Молотков проводил на базе всё лето и сочинял многотомную эпопею, действие которой разворачивалось в дачном поселке. Там и происходило всё — героические поступки и злодеяния, интриги и ссоры, ненависть и великая любовь. Тридцать толстенных томов написал. Сила вдохновения Молоткова и объем воображенных им событий были столь велики, что на другом берегу озера, где ранее уходили в даль заливные луга, возник описанный в романе дачный поселок — вначале призрачно, затем явственно.
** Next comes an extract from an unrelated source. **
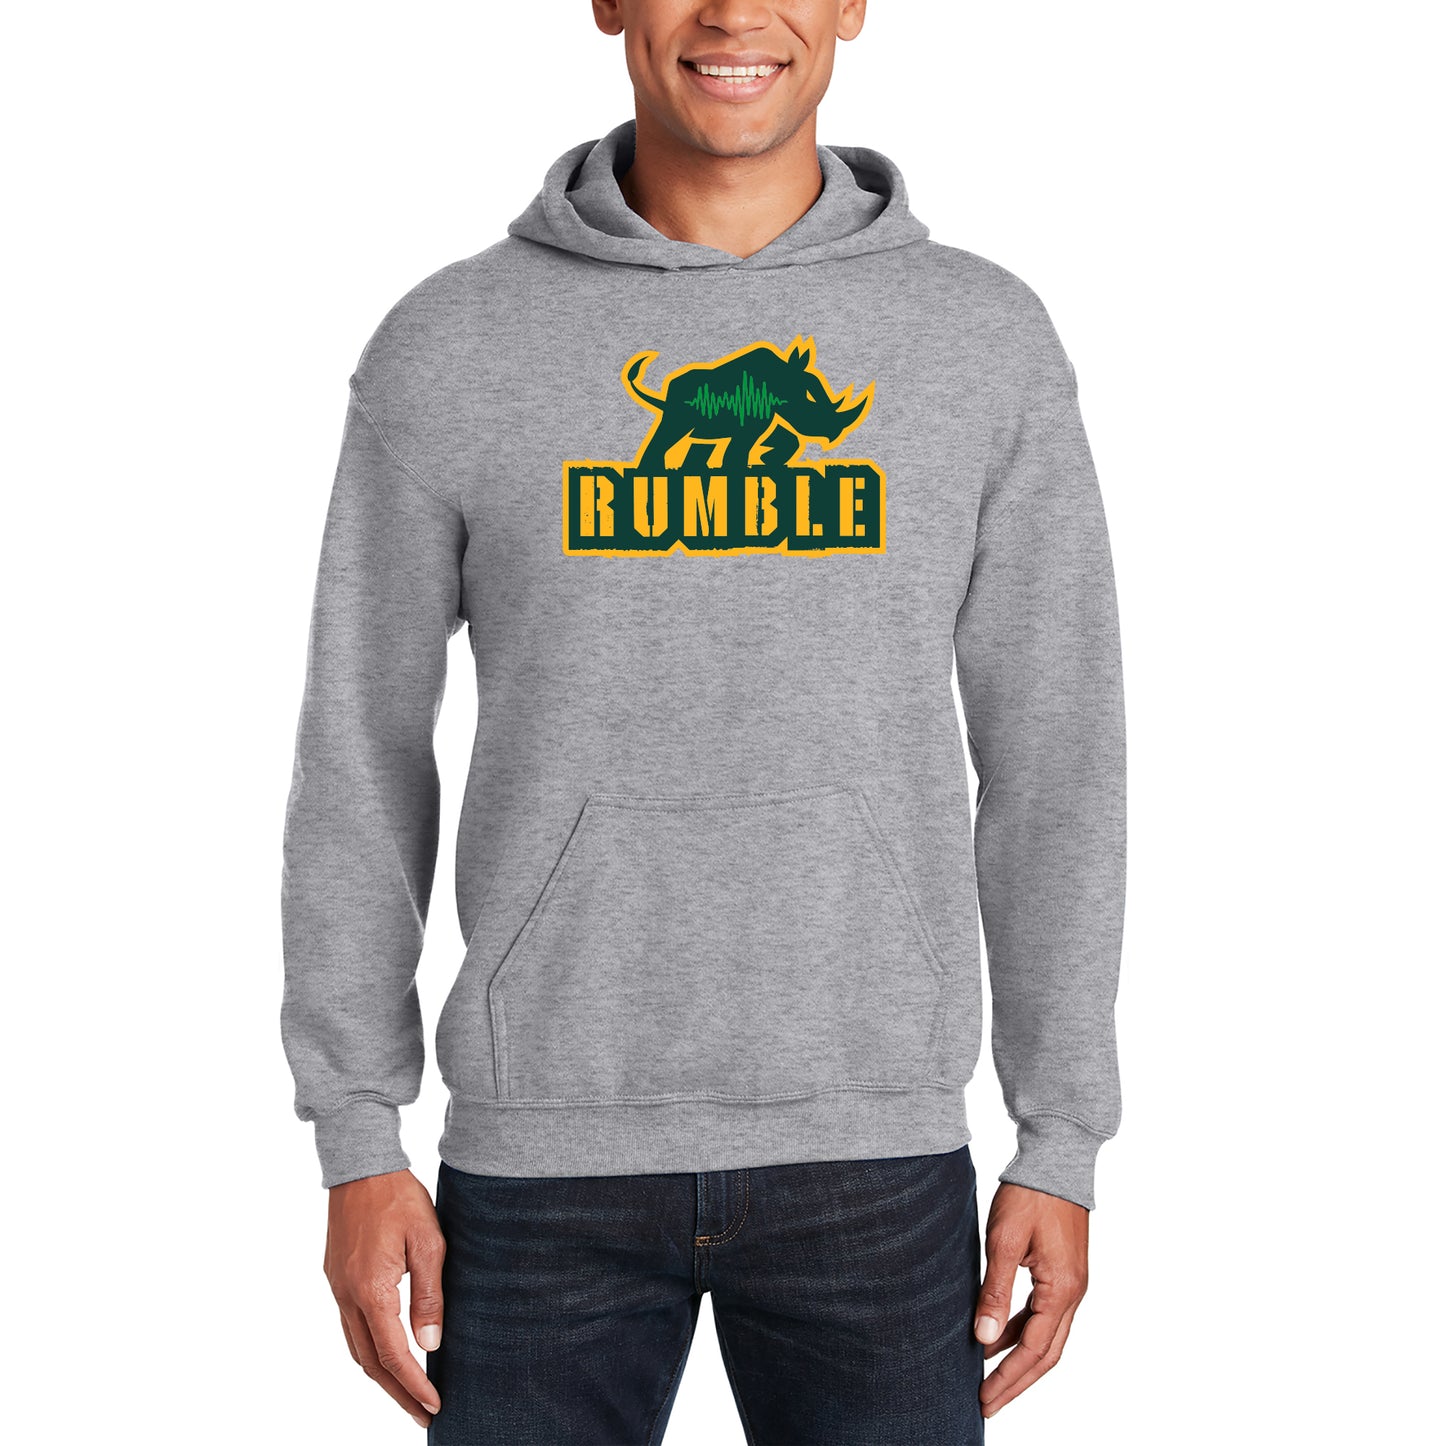 RUMBLE - Team Hoodie - Sports Grey

Гордыня обуяла Молоткова. Вместо долгих часов работы за рукописью, он переплывал на тот берег и с блокнотом в руке бродил меж дачников, сходу записывая происходящее. Но у дачников всё шло по-старому. И жили они в самых условных условиях — обстановке сырой и недописанной. Посёлок неведомо где начинался и заканчивался. Была в нем единственная лавка, а в ней продавались круглый год только леденцы да арбузы. Одного дачника сегодня звали Ваней, завтра Федей. Все просчёты и ляпы Молоткова воплотились в жизнь.
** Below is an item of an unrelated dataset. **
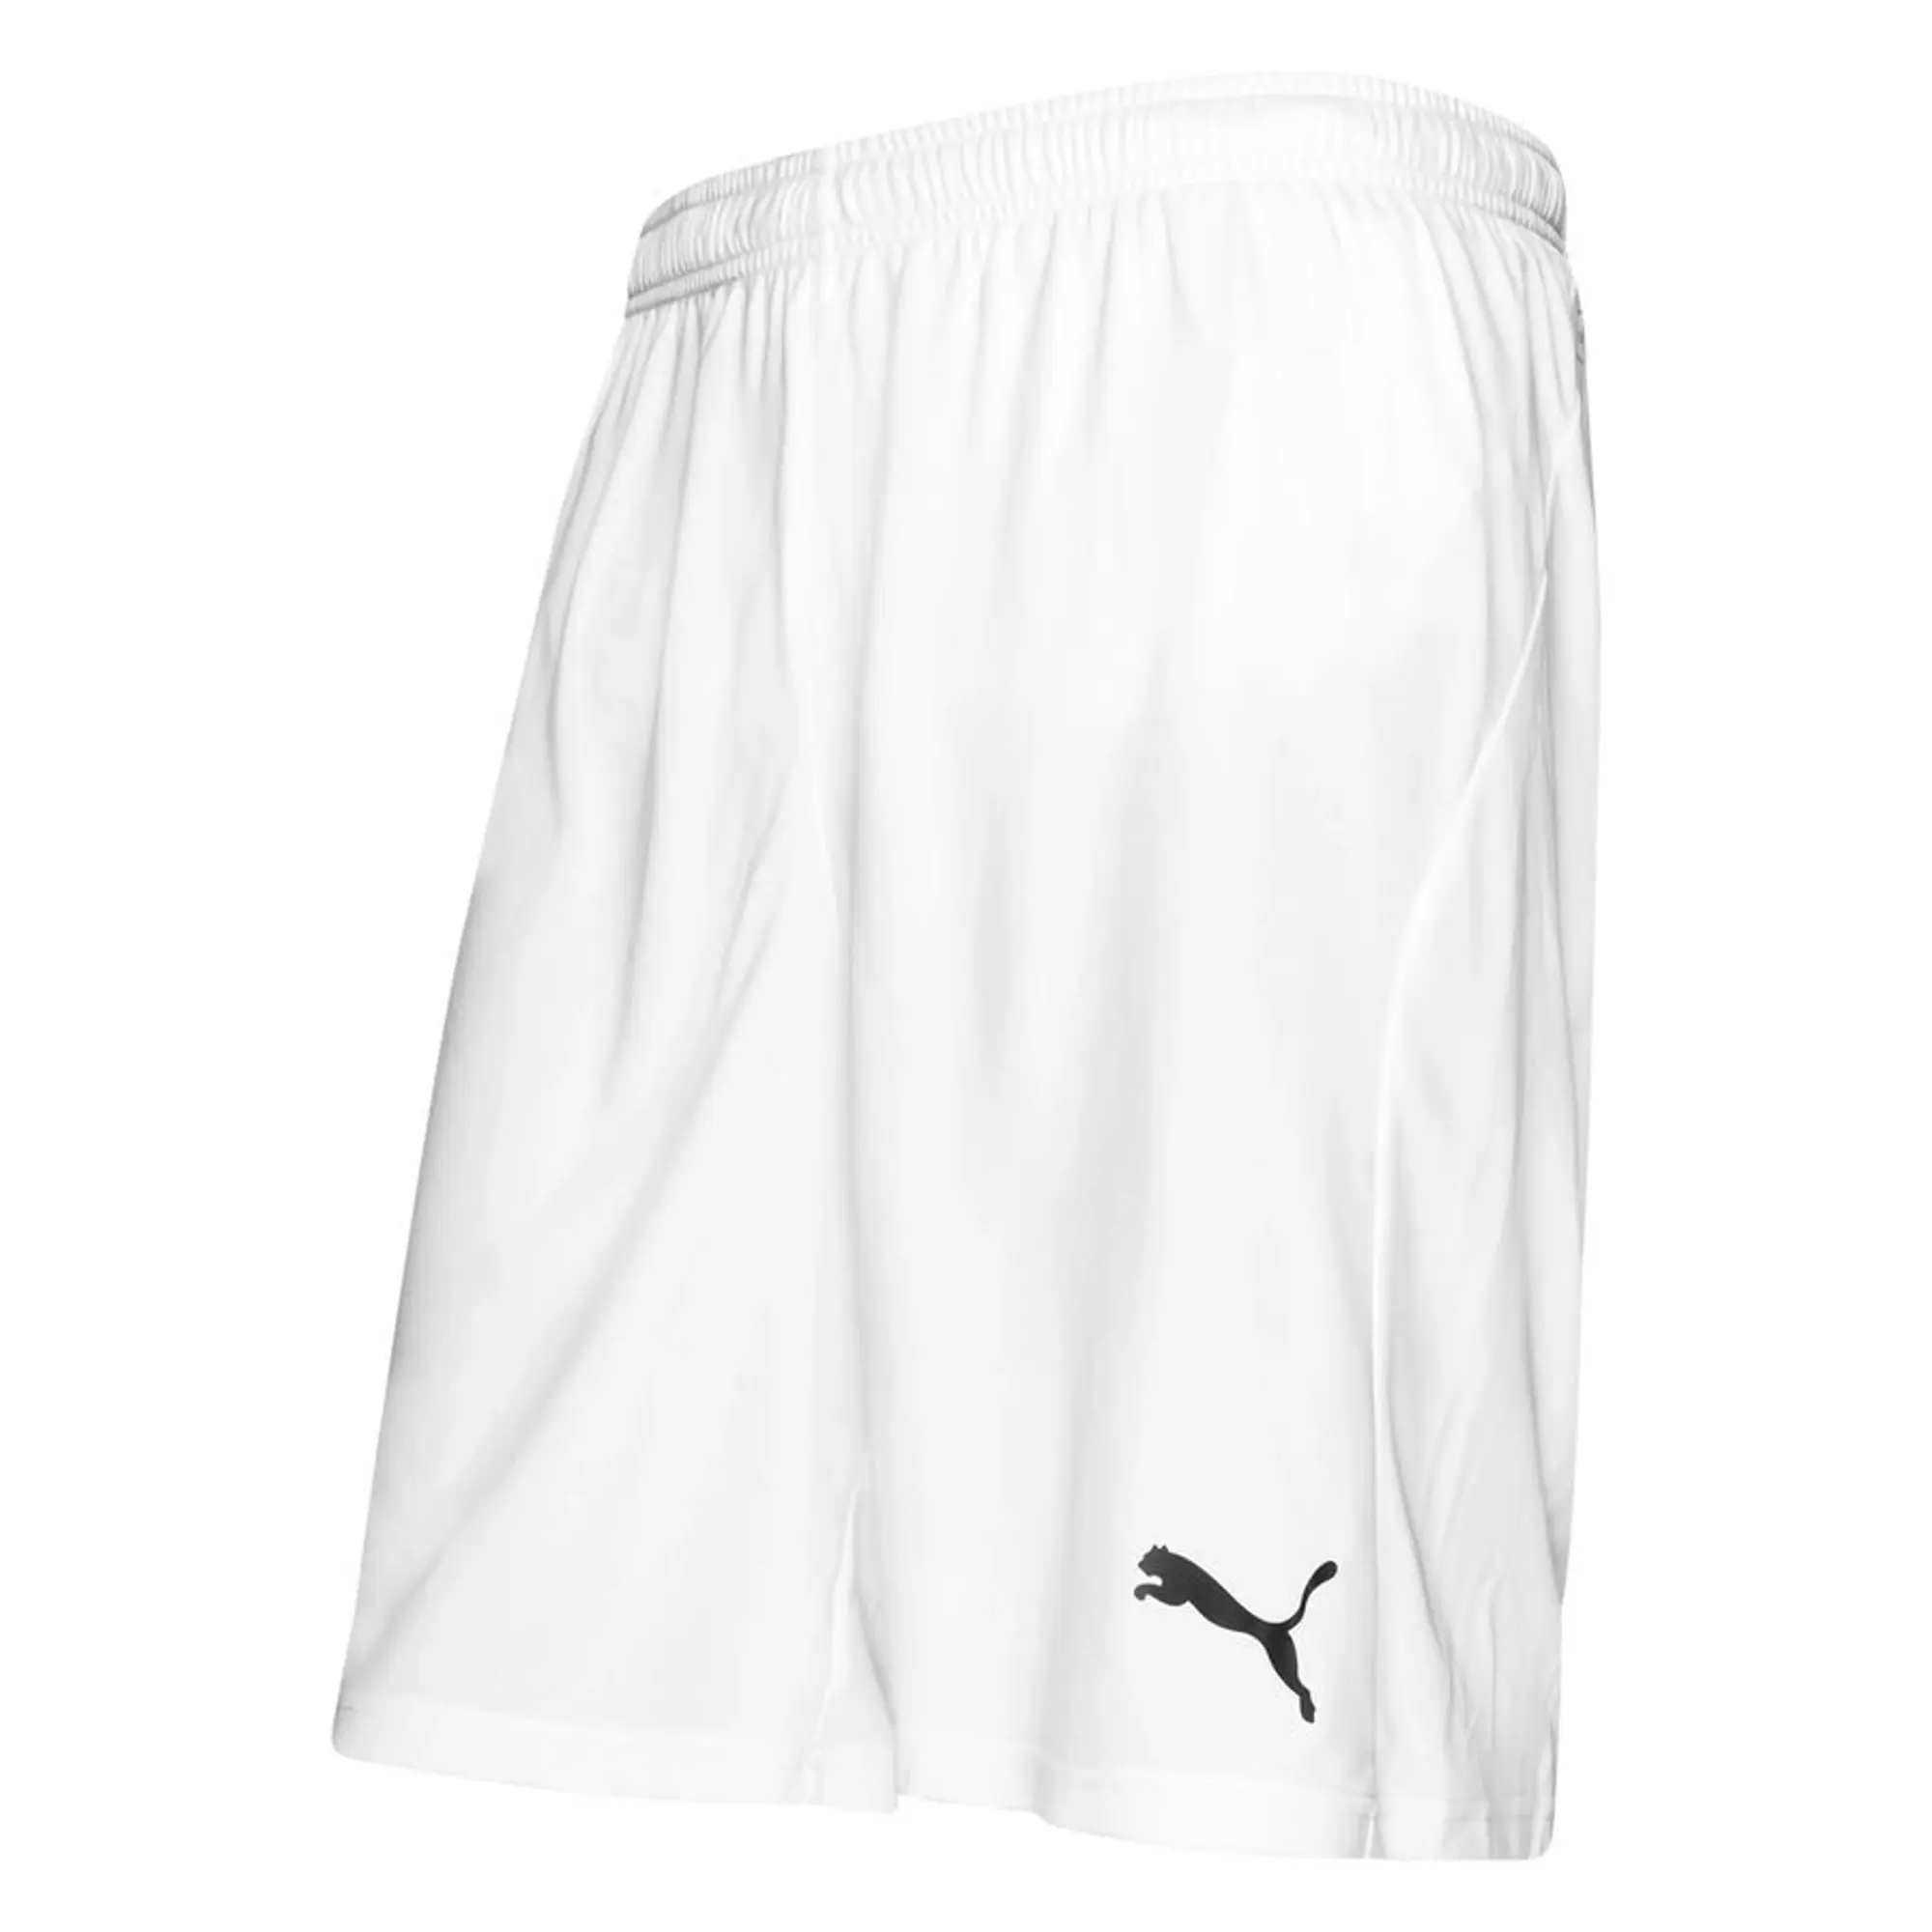 Puma Shorts Liga Core - White

И вот пару дней назад этот великий фантазёр умер. Об этом даже по радио сказали. Жизнь в дачном поселке не то чтобы застыла, однако стала неудобной. Вода в колонках иссякла. Еду перестали завозить незримые соседи, которые почти ежедневно "мотались в город". Дачники испытали великую жажду и голод. Чтобы насытиться, надо было перебраться через берег — дачники отлично видели базу отдыха. Дабы утолить жажду и пересечь озеро, его следовало выпить.
Все дачники собрались у берега, опустились на четвереньки и стали хлебать. Это заняло целый день и ночь. Наутро они ворвались на базу отдыха. Разум покидал дачников, а некоторые из них вовсе исчезали прямо в воздухе, начиная сначала как бы мигать, проявляясь и пропадая попеременно, чтобы наконец сгинуть. Нефёдов залез на фонарный столб и наблюдал оттуда.
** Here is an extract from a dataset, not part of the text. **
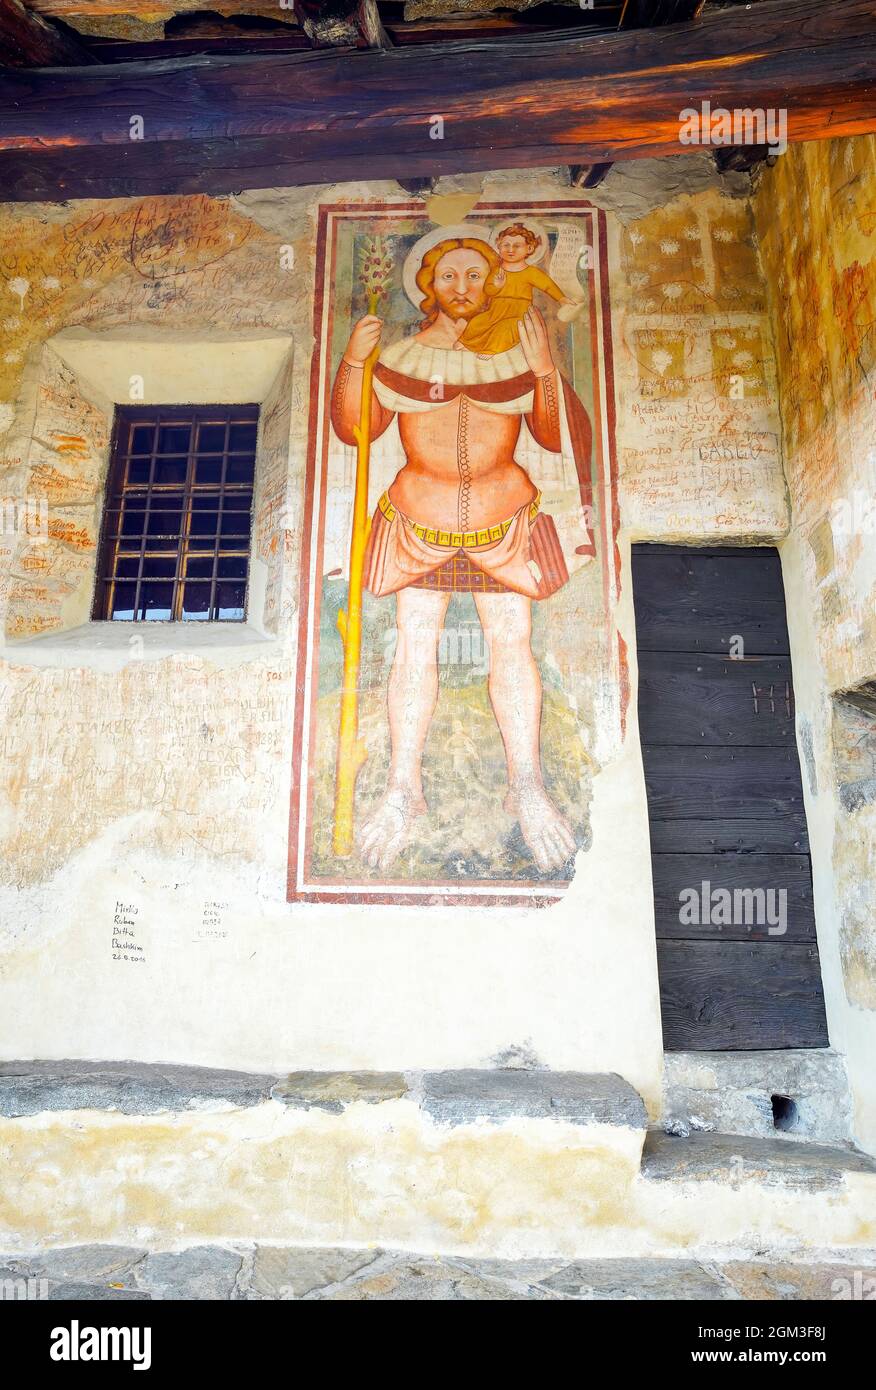 San Cristoforo (Christopher), parmi les plus anciennes fresques de l'église romane San Bernardo, Monte Carasso, canton du Tessin, Suisse. Banque D'Images

За пределы базы дачники не выходили. Шатались по лагерю, плакали, пытались друг с другом общаться, собрав остатки ума. И улетучивались. Лагерь опустел.
Ноликову надо взять из домика свои вещи. Не оставлять же тут. В столовку вошел для получения впечатлений. Писатель должен отбросить все личное. Видеть, слышать, запоминать смело. Всё внутри оказалось не на своих местах — столы беспорядочно передвинуты, стулья опрокинуты. На полу лежал Фокин, пахло мочой. От Нефёдова Коля знал, что один писатель превратился в дерево, а другой мертвый, тут, в столовой. Вдруг покойник приподнял голову и спросил:
— Вы живы?
— Как видите. Вы тоже?
— Ушибся, когда падал. Нет сил встать. Я сражался. Один против — сколько их было? Десять или двадцать? Намного больше! Сделайте одолжение — принесите мне из нашего домика другие штаны! Они там в правом отделении шкафчика, висят на вешалке.
— Хорошо.
— В компот упал.
Ноликов в домике Фокина и Мамалыгина. Без труда отыскал новые брюки. Хотел уже выходить, но увидел красный блокнот Мамалыгина. Открыл. На первой странице было: "Вяч. Мамалыгин. Угарный газ. Часть третья". Полистал и смутно начал понимать, что перед ним написанная сильным убористым почерком рукопись романа ужасов. Не вникая в сюжет, Коля успел ощутить странный порядок слов, который проникал в точку между глаз и над носом, заставлял постоянно смотреть в текст, не отворачиваясь. Едва найдя в себе силу закрыть книжку, Ноликов начал шарить по домику и вскоре нашел — со стыдом в душе вывернув шмотки из рюкзака — еще четыре таких блокнота, уже частично заполненных. Последняя часть была написала целиком.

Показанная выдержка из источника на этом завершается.